Category Archives: Gentecilla y gentuza

No van a poder

La cagada de ayer de los Twittermaster del usuario de Rajoy, jugando al aprendiz de brujo -por más que lo vistan de lagarterana, de hackers y demás cuentos chinos-, aterrorizados ante la proximidad en seguidores de Pablo Iglesias, no indica sino el estado de pánico del PP (y de unos cuantos que no son del PP) ante el avance, no sé si imparable, pero sí veloz y firme, de Podemos.

Ya he dicho en otro lugar y momento que Podemos me da repelús y he expuesto mis razones, tanto en el artículo central como en la respuesta a los comentarios de uno de mis lectores. Y esto, las razones, creo que es la forma correcta de oponerse a Podemos: razonar y pedir razón. Pedir datos, exigir información previa y concreta de todo el proyecto y confrontar toda esa información con los datos generales -y reales- de la economía y de la política.

Lo que no sólo no son formas sino que, además, es contraproducente, es intentar sembrar el pánico frente a Podemos y, encima, hacerlo de la manera absolutamente ridícula como está haciendo el PP (y algunos que no son del PP): con comparaciones falaces, críticas ad hominem y chorradas diversas. Ah: y con un proyecto de regeneración democrática que huele a timo antes incluso de estar escrito. Excuso decir después.

Lo de los alcaldes, no tiene nombre. Y, además de atufar a pánico, puede salirles el tiro por la culata. Pero, además, me hace gracia lo fieles que son estos tíos al argumentario; tal parece que carezcan de ideas propias o les impidan, en su caso, exponerlas. ¿Cuántos líderes del PP han repetido casi literalmente lo de que la mayoría es lo que quiere la gente y no lo que se decide en una oficina? Para empezar, uno diría que el 40 por 100 no es lo que quiere la gente, sino 4 de cada 10. Si lo que se decide en una oficina resulta que son 6 de cada 10, me parece que estamos bastante al cabo de la calle.

Cierto es que lo de la oficina habría que limitarlo porque constituye en ocasiones verdaderos fraudes al propio electorado. Me pregunto, por ejemplo, cuántos votantes del PSC profirieron sapos y culebras al ver que sus votos iban a parar a un tripartit (no uno: en puridad fueron dos) del que formaba parte la Izquierda de la señorita Pepis y el independentismo puro y duro.

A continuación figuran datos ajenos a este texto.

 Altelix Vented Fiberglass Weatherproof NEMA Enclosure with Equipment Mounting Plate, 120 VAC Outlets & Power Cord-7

Y no me pregunto -porque sé la respuesta- cuántos votantes del PP orinaron sangre de indignación cuando ese partido dio apoyo, reiteradamente, a la CiU de Pujol. Por tanto, sí que no estaría mal que las alianzas, o la posibilidad de tales, hubieran de ser claramente enunciadas antes, en período electoral, para su validez. Decir, por ejemplo: si el PP llega al gobierno del pueblo, llegado el caso nos coaligaremos con este, con aquel y con el de más allá para impedirlo. Y, obviamente, que este, aquel y el de más allá hicieran lo propio. Eso estaría bien: saber que votas a ese partido pero que podría ser que con ello dieras poder -o el poder- al otro. Ya sabes a qué atenerte.

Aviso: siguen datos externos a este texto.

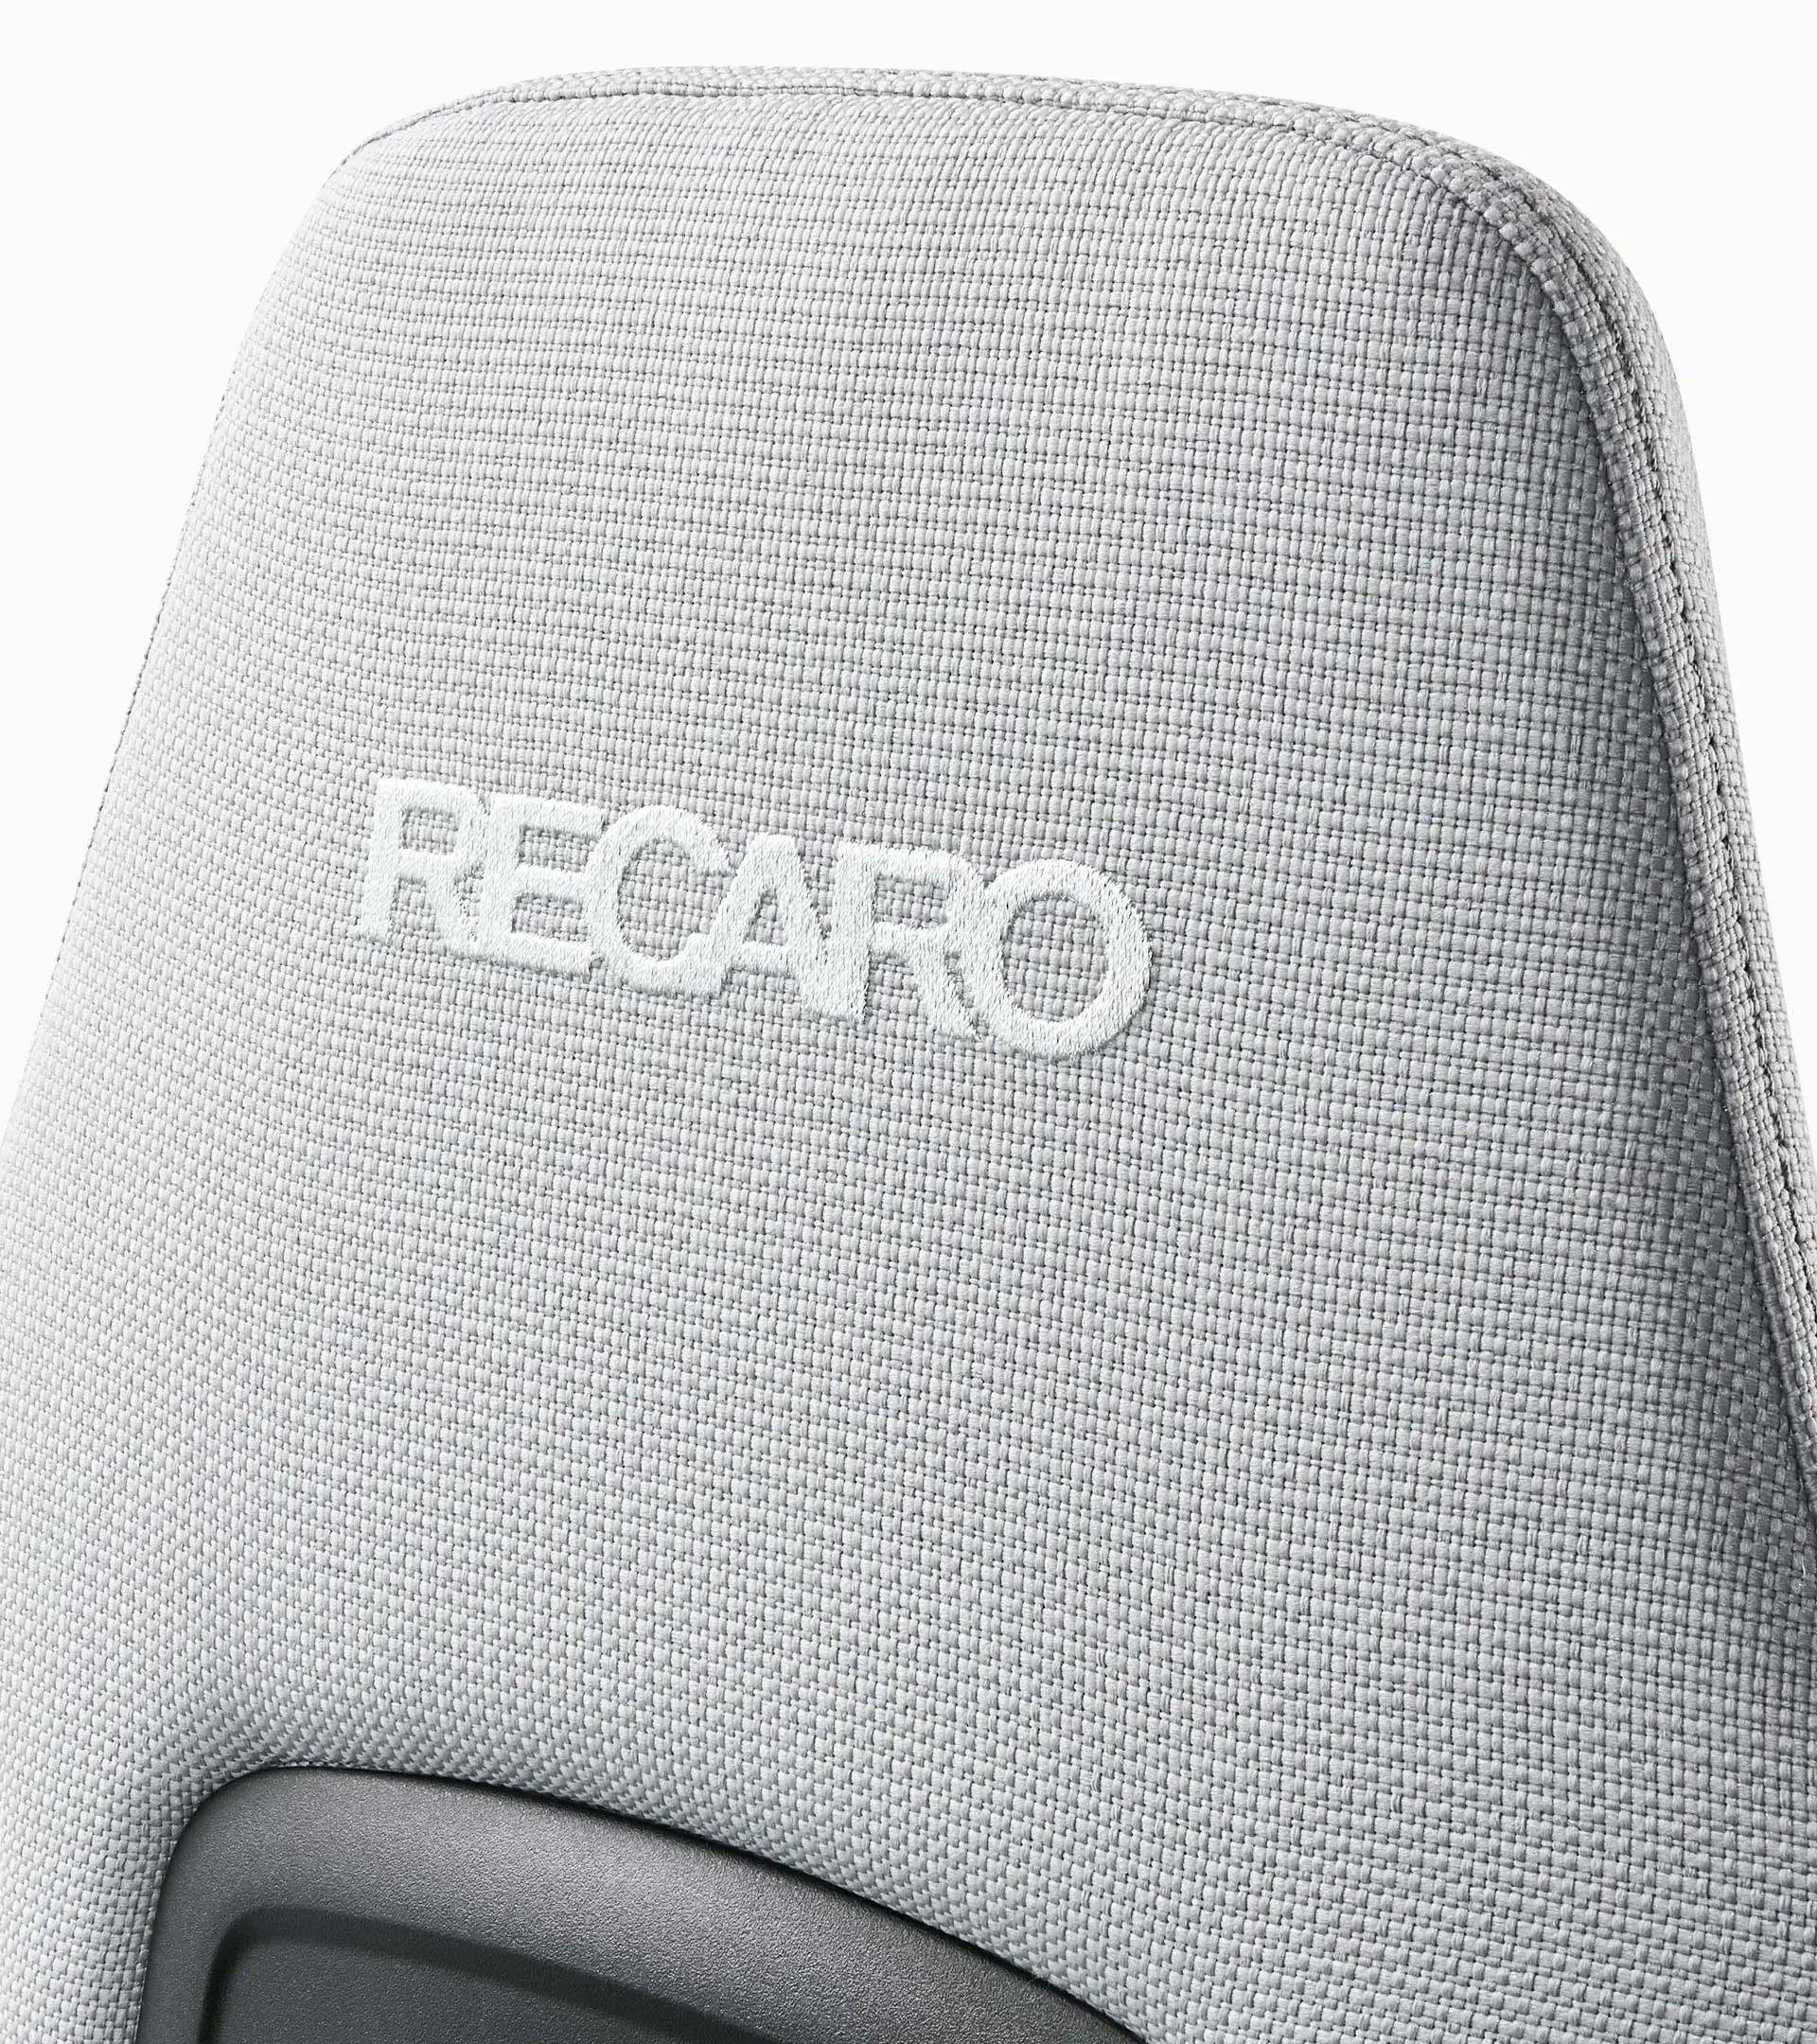 RECARO x Porsche Gaming Chair Limited Edition 7

Pero lo de los alcaldes y el 40 por 100 es, sencillamente, trampa.

Otra cosa que me monda de risa es lo de la regeneración. Van a hacer no sé cuántas leyes para regenerar la democracia. Idioteces, imbecilidades y tonterías. Con las leyes que hay, ya se puede regenerar la democracia, por lo menos en la parte más sangrante: basta, por ejemplo, con llevarle al juez Ruz la lista de los que deberían ir a hacer compañía a Bárcenas en la mazmorra, con las pruebas correspondientes, en vez de andar rompiendo discos duros; o cerrar a cal y canto el BOE para los indultos. A cal y canto, no hacer regulaciones de este sí, este no, para reducirlos un 30 por 100 e ir fardando -estúpidamente- de haber limpiado el panorama.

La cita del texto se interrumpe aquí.